With this, we can pretty much proceed as with the linear case but here the x matrix and y vector will be:

$$A_{power} = \begin{bmatrix}
1 & log(x_{1}) \\
1 & log(x_{2}) \\
\vdots & \vdots \\
\end{bmatrix}, \quad
\bar{y} = \begin{bmatrix}
log(y_{1}) \\
log(y_{2}) \\
\vdots \\
\end{bmatrix}
$$

In [3]:
def pow_matrix(self):
    one_arr = np.ones([self.data.size,1])
    pow_m = np.hstack([one_arr,np.log(self.data)]) #appending array of ones to array of log xvalues
    return pow_m

## Noise covariance matrix and y model

$\hat{x}$ for $y^{model} = A\hat{x}$ is defined as $\hat{x} = [A^TN^{-1}A]^{-1}A^TN^{-1}\bar{y}$. From the earlier functions, I already found $A$ and $\bar{y}$. The $N$ matrix is defined as follows:
$$ N = \begin{pmatrix}
\sigma_{1}^{2} & 0 & 0 &\ldots{} \\
0 & \sigma_{2}^{2} & 0 & \ldots{} \\
0 & 0 & \sigma_{3}^{2} & \ldots{} \\
\vdots & \vdots & \ddots \\
\end{pmatrix} $$
where $\sigma^{2}$ is the variance or standard deviation squared. As a default, the noise covariance is the identity matrix if a noise covariance isn't given. 
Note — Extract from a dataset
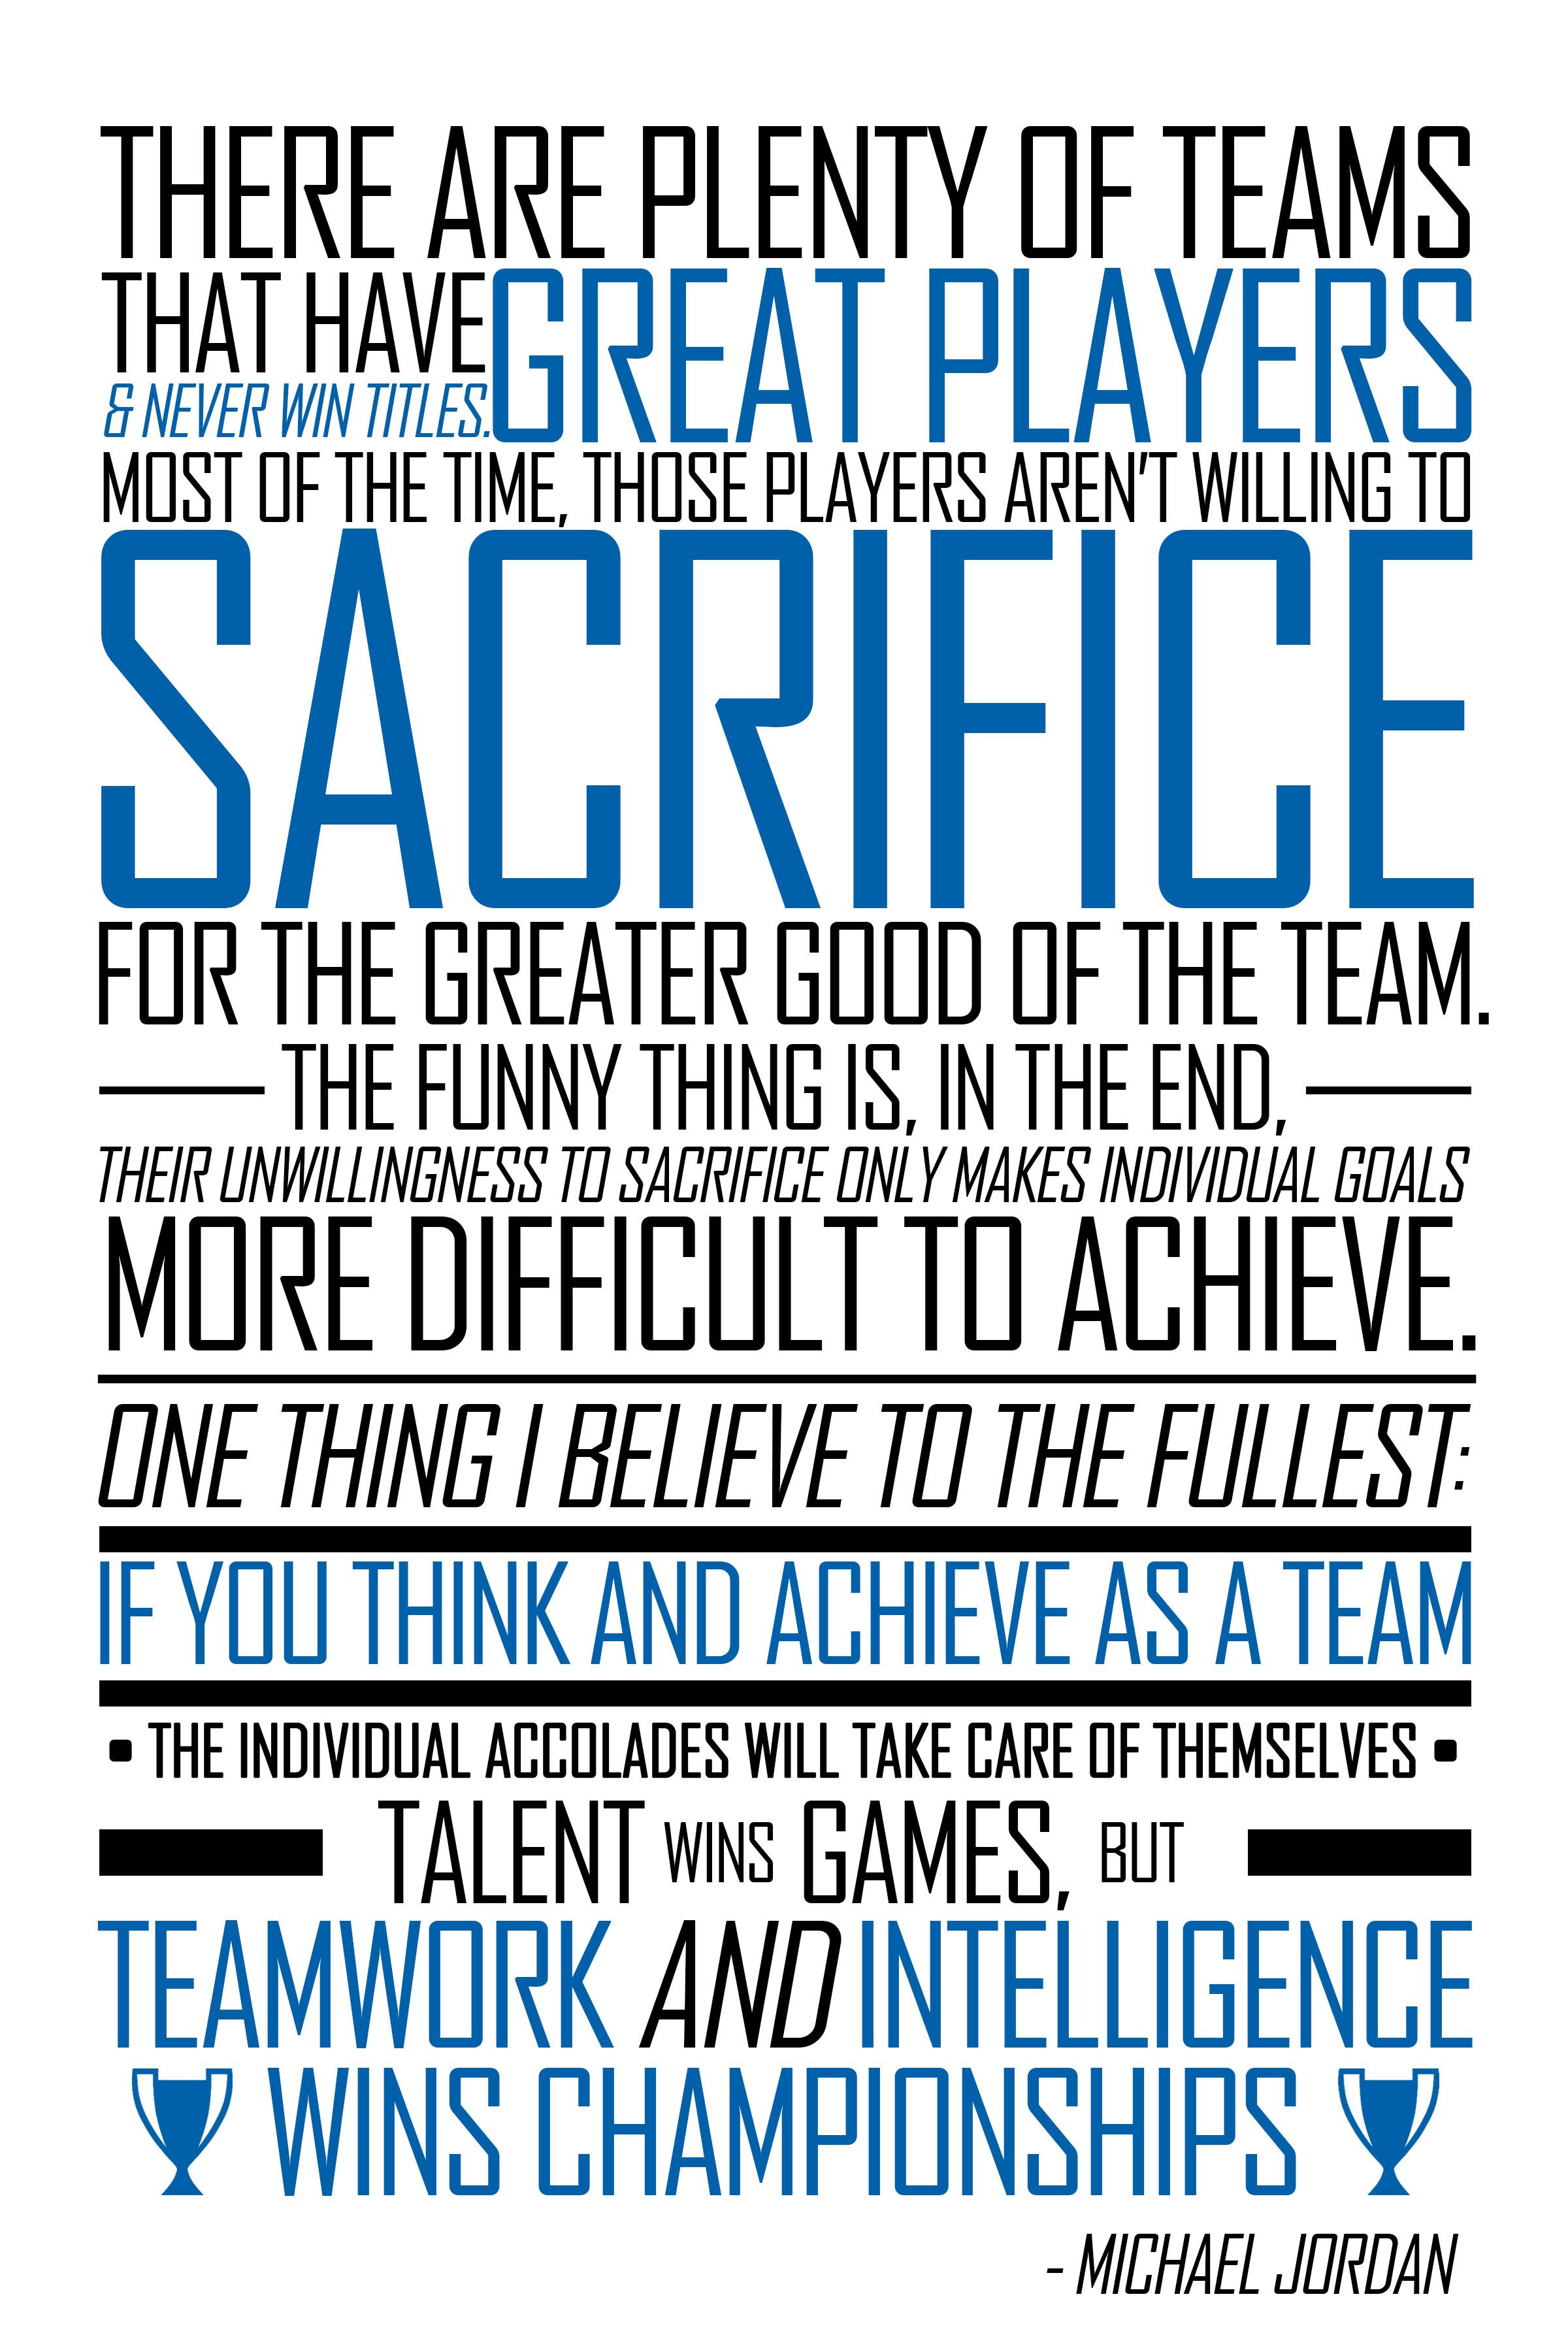 Teamwork Quotes Motivational Sports: Michael Jordan Quotes On Teamwork. QuotesGram

Since I have determined the values for $A, N, \bar{y}$, finding $\hat{x}$ is just a matter of multiplying everything for $\hat{x} = [A^TN^{-1}A]^{-1}A^TN^{-1}\bar{y}$. I broke down the steps of the process:
<ol>
<li>$A^TN^{-1}$</li>
<li>$A^TN^{-1}\bar{y}$</li>
<li>$[A^TN^{-1}A]^{-1}$</li>
<li>$\hat{x} = [A^TN^{-1}A]^{-1}A^TN^{-1}\bar{y}$</li>
<li>$y^{model} = A\hat{x}$</li>
</ol>	

The function below finds the y values for the fit ($y^{model}$), parameters ($\hat{x}$), and the error covariance which is defined as $V= [A^{T}N^{-1}A]^{-1}$. It follows the steps I outlined above. 

In [4]:
#parameters data_matrix, y points, and noise covariance
#returns y_model, x_bar (parameters for fit) and error covariance
def ymodel(self,data_matrix,yval,noise_cov=None):
    if noise_cov == None:
        noise_cov = np.identity(data_matrix.shape[0])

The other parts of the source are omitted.